=== Begin Enclosure ===

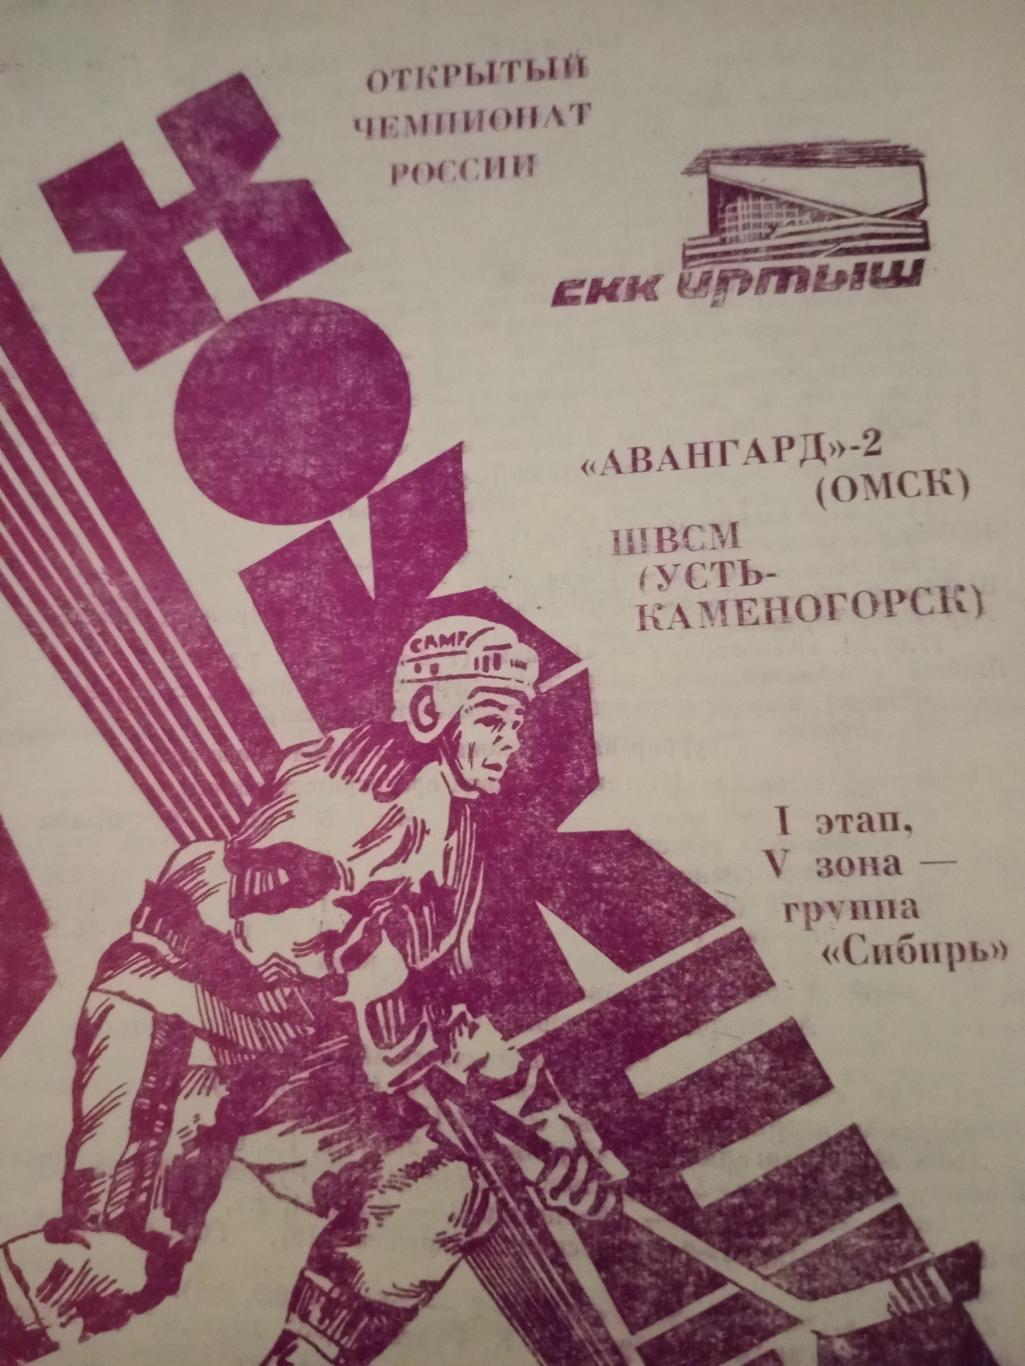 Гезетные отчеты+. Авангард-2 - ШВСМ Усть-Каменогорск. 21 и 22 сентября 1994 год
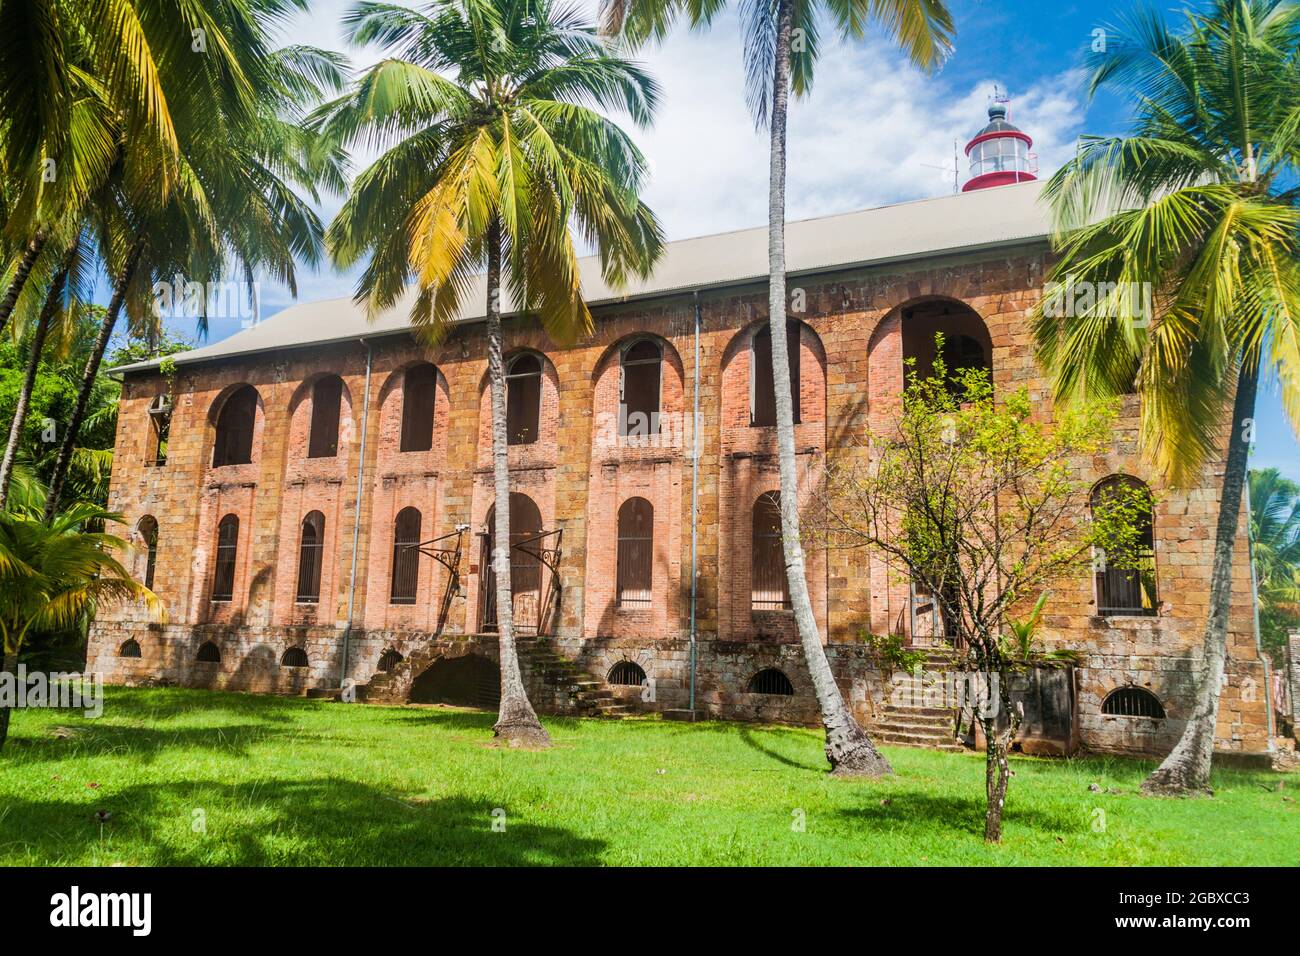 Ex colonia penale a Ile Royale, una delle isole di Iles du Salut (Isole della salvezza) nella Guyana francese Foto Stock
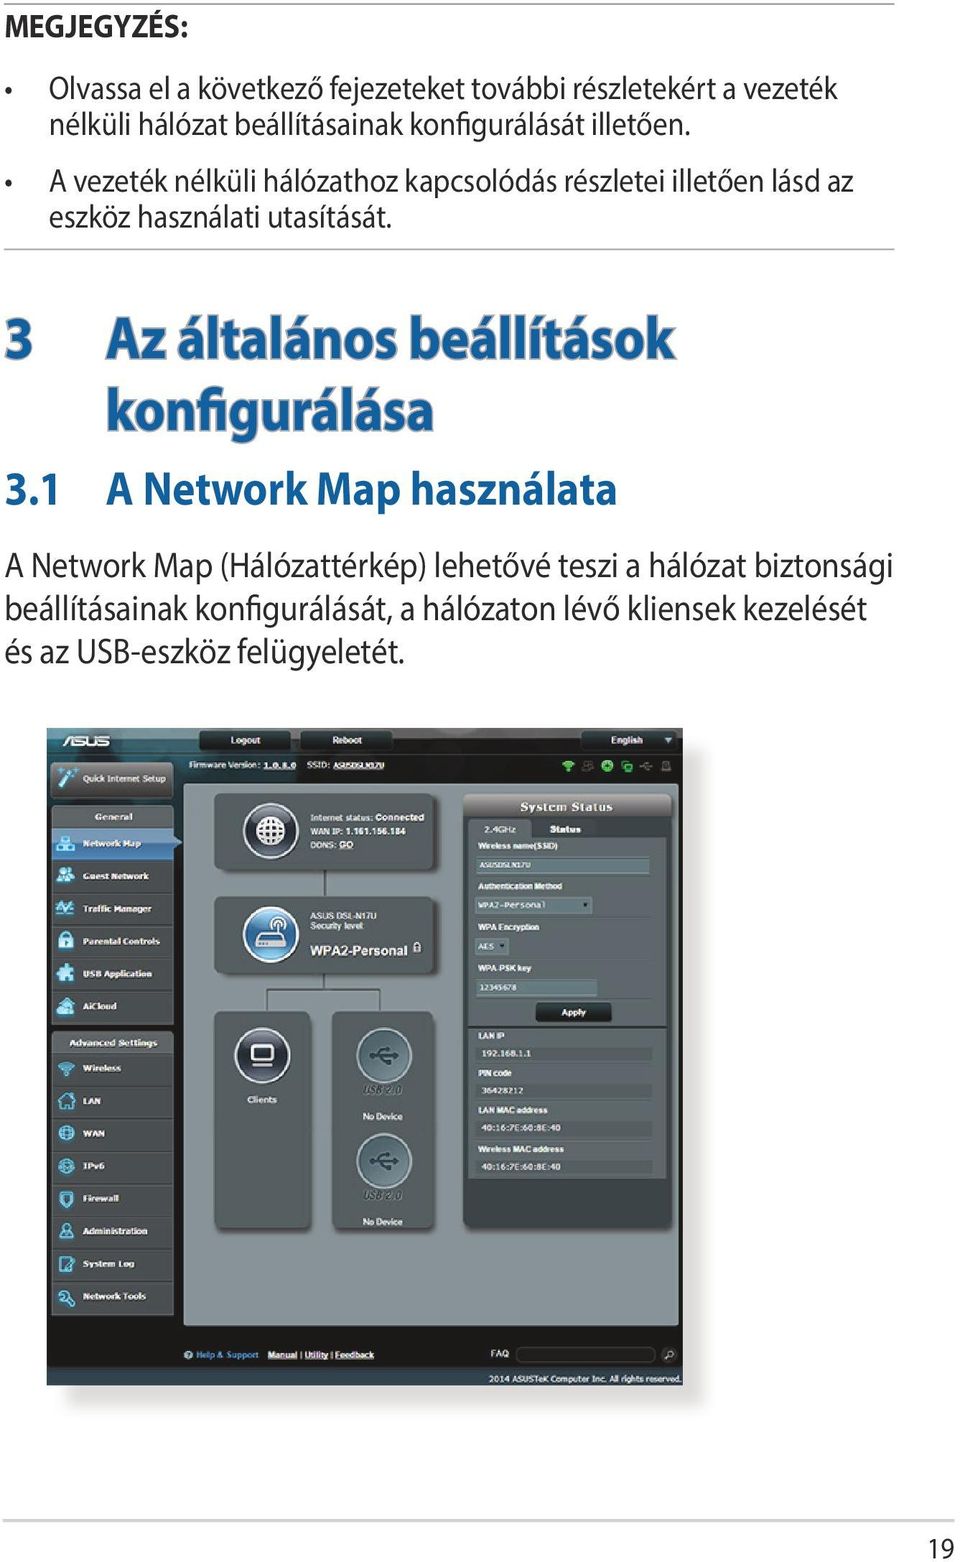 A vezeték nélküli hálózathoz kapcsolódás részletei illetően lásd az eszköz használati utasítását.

=== End Enclosure ===

**TASK PROMPT:**
Please print the lines exactly, from the top of the material through the line with "Ex colonia penale", and omit the pictures.

**WRITTEN SOLUTION:**
 Гезетные отчеты+. Авангард-2 - ШВСМ Усть-Каменогорск. 21 и 22 сентября 1994 год
 Ex colonia penale a Ile Royale, una delle isole di Iles du Salut (Isole della salvezza) nella Guyana francese Foto Stock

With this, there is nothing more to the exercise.